Deployers (users) also face obligations: in some cases, they must conduct a fundamental rights impact assessment (FRIA), follow the provider’s instructions, monitor operation, and keep system logs.
Bringing a High-Risk AI System to Market
The compliance process follows four main steps:
- Develop the system – design with risk and compliance in mind.
- Conformity assessment – verify compliance, sometimes with the involvement of a notified body.
- Registration – record the system in the EU database.
- Declaration and CE marking – sign a declaration of conformity before market launch.
Any substantial modification to the AI system requires reassessment.
General Purpose AI and Foundation Models
General-purpose AI (GPAI) models like ChatGPT, Gemini, or DALL·E face obligations mainly around transparency: preparing technical documentation, ensuring compliance with copyright law, and providing summaries of training data.

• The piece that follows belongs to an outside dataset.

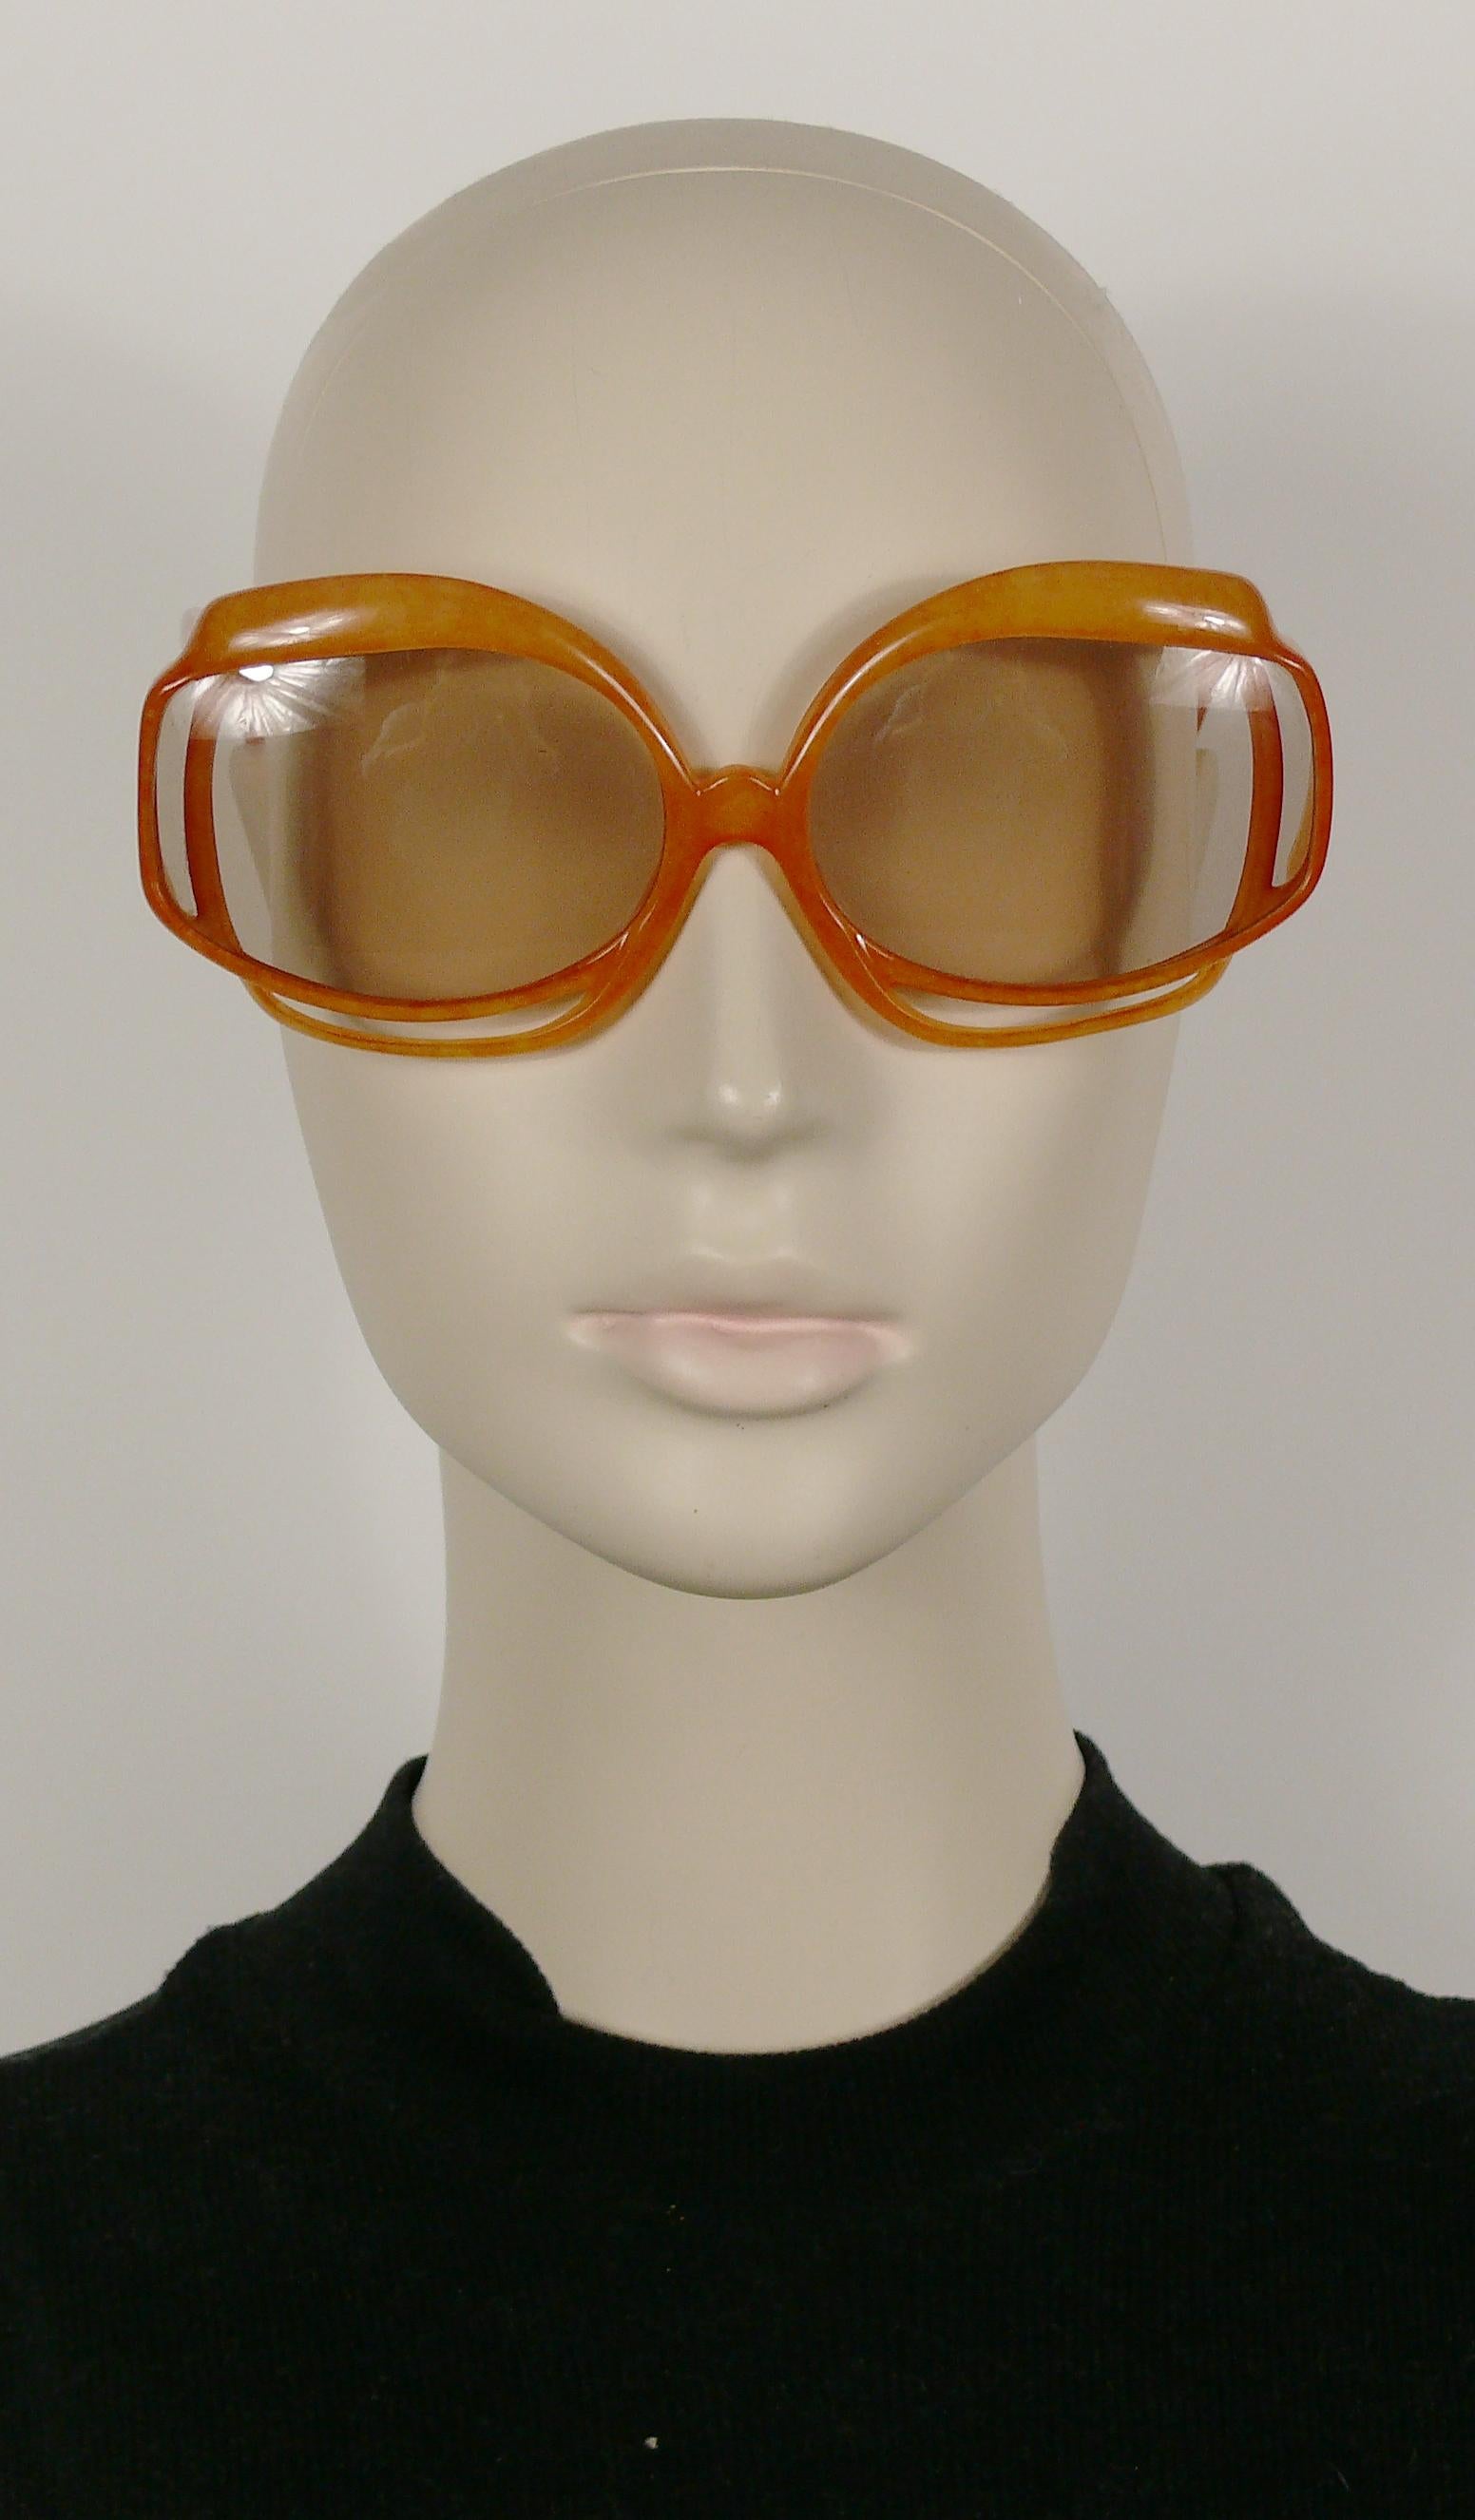 **** WE NO LONGER SHIP SUNGLASSES TO THE USA DUE TO CUSTOMS RESTRICTIONS FOR SUNGLASSES (MEDICAL DEVICES) ****

CHRISTIAN DIOR vintage oversized sunglasses featuring a tangerine colour marbled frame, tinted plastic lenses and silver toned detailing.

The Act also introduces rules for foundation models trained on large datasets. Some of these are designated as systemic risk foundation models, given their potential impact across multiple sectors. They face enhanced obligations, including rigorous model testing (such as red-teaming), systemic risk assessments, detailed regulatory reporting, strong cybersecurity, and even monitoring of energy efficiency.
Penalties for Non-Compliance
Non-compliance with the EU AI Act carries heavy sanctions: fines of up to €35 million or 7% of global annual turnover, depending on the type and severity of the violation. This makes compliance not just a legal necessity but a business-critical priority.
Beyond the AI Act: Interplay with Other EU Laws
The EU AI Act does not exist in isolation. It interacts with other key frameworks, including the GDPR (data protection), the Cyber Resilience Act (security), and the Product Safety & Machinery Regulation (for AI embedded in physical goods).
You can read more about how to stay compliant with the GDPR here.
A successful compliance strategy must therefore be holistic, covering all these areas.
The EU AI Act is a landmark regulation: the first of its kind to establish a risk-based, trust-driven approach to AI. It balances innovation with protection, ensuring that harmful practices are banned, high-risk applications are tightly regulated, and transparency is guaranteed for general-purpose AI.
For businesses, compliance is not optional. Those that act early will not only avoid penalties but also position themselves as trusted leaders in responsible AI.